Генри хорошо помнил этот разговор, который происходил в кабинете Уильяма. Он видел, что Уильям наслаждается своим тоном, в общении с братом позволяя себе свободу, какую он обычно приберегал только для жены. Генри с удовольствием вспомнил конец того разговора.

– О чем же вы тогда беседуете с ним вдвоем? – спросил Уильям. Казалось, ему нужна конкретная информация, ответ по существу.

Генри помедлил, глядя куда-то вдаль, а затем сосредоточил взгляд на кожаных корешках книжных томов, выстроившихся на дальней полке, и тихо ответил:

– Боюсь, Уэнделл устроен таким образом, что способен вещать исключительно о себе.


После ужина он сидел у себя на террасе и ждал наступления ночи. Холмс, насколько он помнил, в основном рассказывал ему о своей карьере, о своих коллегах, новых делах, новых событиях в юриспруденции и политике и, наконец, о своих новых завоеваниях в среде английской аристократии. Он сплетничал о старых друзьях и бахвалился новыми, выражаясь свободно и важно. Генри нравилась его светскость, его искусные, отрывистые предложения, а затем – внезапные всплески чего-то иного, когда он позволял себе использовать слова, не входившие в лексикон войны или закона, скорее им было место в лекции с кафедры или в эссе. Холмс любил размышлять, спорить с самим собой, объясняя собственную логику, словно это была сторона в битве с противодействующими силами и большая внутренняя драма.

Генри был совсем не против сентенций Холмса. Он редко с ним виделся и знал, что их объединяет очень простая вещь. Они были частью старого мира, вполне респектабельного и странно пуританского, управляемого пытливым, разносторонним умом их отцов под присмотром бдительного и зоркого ока матерей. Они оба остро ощущали свое предназначение. Если более точно: они принадлежали к группе молодых людей, окончивших Гарвард, которые знали и любили Минни Темпл, сидели у ее ног и искали ее одобрения, те, кого ее образ преследовал, когда они достигли зрелого возраста. В ее обществе они знали, что их опыт не значит ровным счетом ничего, как и их невинность, поскольку она требовала от них чего-то другого. Она внушала им восторг, и они с пронзительной ностальгией вспоминали те времена, когда водили с ней знакомство.

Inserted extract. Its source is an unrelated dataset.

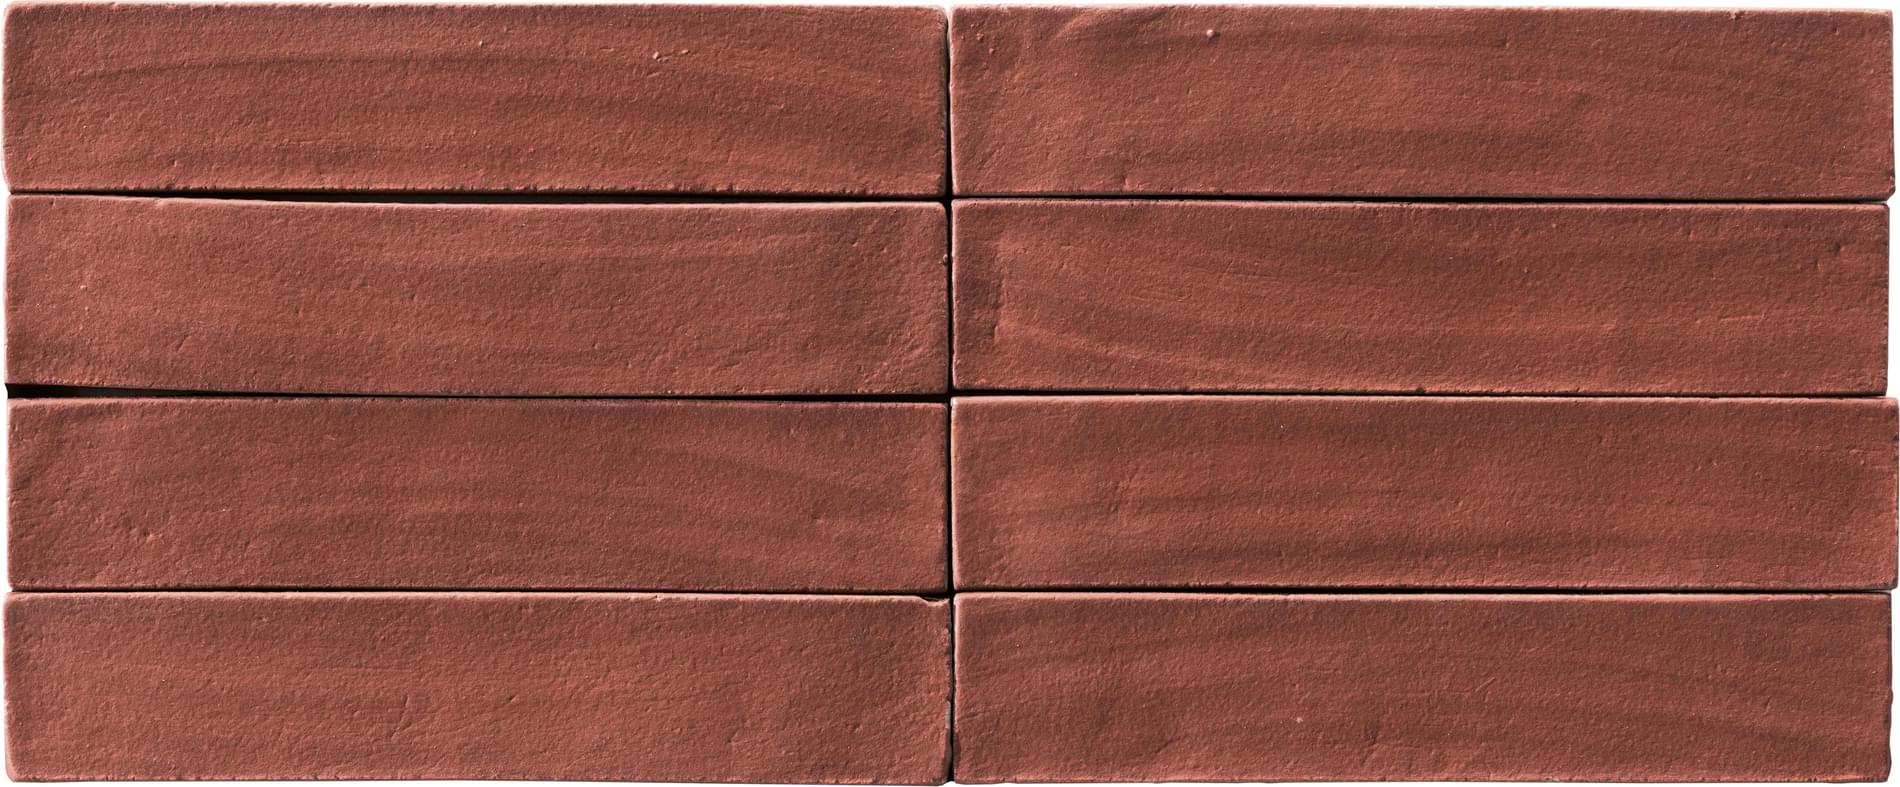 Sartoria Split And Fornace Fornace Red Brick 6x30

Минни была двоюродной сестрой Генри – одной из шестерых младших Темплов, осиротевших, когда умерли их родители. Для Генри и Уильяма отсутствие родителей у кузин Темпл делало их загадочными и романтичными. Их положение казалось завидным, потому что всякая власть над ними была расплывчатой и временной. Они выглядели раскованными и свободными, и только много позже, когда каждой из них пришлось бороться и, конечно же, страдать, он понял невосполнимую природу и глубокую печаль их потери.

Между тем временем, когда он завидовал им, и тем, когда он им глубоко сострадал, пролегла огромная пропасть. Когда он впервые после долгой разлуки снова встретился с Минни Темпл, которой в ту пору было семнадцать лет, его чувства к ней по-прежнему были восторженными, близкими к благоговейному трепету. Он мгновенно понял, что она, единственная из всех сестер, станет для него особенной и останется таковой навсегда.

Описать ее можно было многими словами: она была легкой и любознательной, непосредственной и – что очень важно – естественной. Еще он чувствовал, что, возможно, отсутствие родительского давления придавало ей какую-то непринужденность и свежесть. Она никогда никому не подражала, не пыталась быть на кого-то похожей, ей не приходилось бороться с подобными влияниями. Возможно, думал он впоследствии, в тени такого большого количества смерти, она выработала в себе то, что стало ее наиболее яркой чертой, – вкус к жизни. У нее был неугомонный ум. Она желала все знать, не было темы, над которой ей не захотелось бы поразмыслить. Ей удалось, думал Генри, сочетать пытливую внутреннюю жизнь с быстрым восприятием жизни общественной. Она любила входить в комнату и заставать там людей. Больше всего ему запомнился ее смех – внезапный, звучный и в то же время легкий, странный и трогательно звенящий.